**Task description**: From the line with "Argentina won a" through the line with "The Strangeness of", inclusive, return each line of the data below exactly and leave the rest out.

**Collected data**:
= Beginning of Section =

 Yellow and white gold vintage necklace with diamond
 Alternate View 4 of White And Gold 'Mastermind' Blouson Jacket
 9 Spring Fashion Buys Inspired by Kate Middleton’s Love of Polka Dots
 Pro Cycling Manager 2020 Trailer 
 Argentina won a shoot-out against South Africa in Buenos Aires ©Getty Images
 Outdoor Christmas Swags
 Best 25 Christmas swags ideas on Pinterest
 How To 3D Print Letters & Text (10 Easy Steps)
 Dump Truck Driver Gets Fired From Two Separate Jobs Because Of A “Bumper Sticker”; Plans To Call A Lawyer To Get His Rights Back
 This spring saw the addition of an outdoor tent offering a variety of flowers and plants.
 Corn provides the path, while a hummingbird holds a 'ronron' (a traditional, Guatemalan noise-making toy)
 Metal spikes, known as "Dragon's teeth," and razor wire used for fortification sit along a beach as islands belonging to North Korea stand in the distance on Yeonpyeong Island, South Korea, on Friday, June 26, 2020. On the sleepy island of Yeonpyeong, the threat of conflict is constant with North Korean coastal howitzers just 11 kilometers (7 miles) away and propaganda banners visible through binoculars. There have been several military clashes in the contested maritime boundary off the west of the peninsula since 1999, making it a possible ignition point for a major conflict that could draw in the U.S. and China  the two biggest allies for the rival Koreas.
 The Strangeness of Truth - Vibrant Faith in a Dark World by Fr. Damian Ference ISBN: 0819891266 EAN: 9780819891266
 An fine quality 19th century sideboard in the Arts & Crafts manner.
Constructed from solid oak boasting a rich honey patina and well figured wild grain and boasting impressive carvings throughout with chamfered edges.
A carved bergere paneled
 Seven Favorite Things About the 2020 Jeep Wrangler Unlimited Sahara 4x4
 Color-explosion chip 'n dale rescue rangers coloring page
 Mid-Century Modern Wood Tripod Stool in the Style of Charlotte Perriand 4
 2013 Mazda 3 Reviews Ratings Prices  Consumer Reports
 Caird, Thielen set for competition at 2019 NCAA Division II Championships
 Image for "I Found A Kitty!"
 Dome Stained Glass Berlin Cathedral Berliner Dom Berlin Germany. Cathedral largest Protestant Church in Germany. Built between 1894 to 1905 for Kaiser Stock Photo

= End of Section =

**Answer space**:
 Argentina won a shoot-out against South Africa in Buenos Aires ©Getty Images
 Outdoor Christmas Swags
 Best 25 Christmas swags ideas on Pinterest
 How To 3D Print Letters & Text (10 Easy Steps)
 Dump Truck Driver Gets Fired From Two Separate Jobs Because Of A “Bumper Sticker”; Plans To Call A Lawyer To Get His Rights Back
 This spring saw the addition of an outdoor tent offering a variety of flowers and plants.
 Corn provides the path, while a hummingbird holds a 'ronron' (a traditional, Guatemalan noise-making toy)
 Metal spikes, known as "Dragon's teeth," and razor wire used for fortification sit along a beach as islands belonging to North Korea stand in the distance on Yeonpyeong Island, South Korea, on Friday, June 26, 2020. On the sleepy island of Yeonpyeong, the threat of conflict is constant with North Korean coastal howitzers just 11 kilometers (7 miles) away and propaganda banners visible through binoculars. There have been several military clashes in the contested maritime boundary off the west of the peninsula since 1999, making it a possible ignition point for a major conflict that could draw in the U.S. and China  the two biggest allies for the rival Koreas.
 The Strangeness of Truth - Vibrant Faith in a Dark World by Fr. Damian Ference ISBN: 0819891266 EAN: 9780819891266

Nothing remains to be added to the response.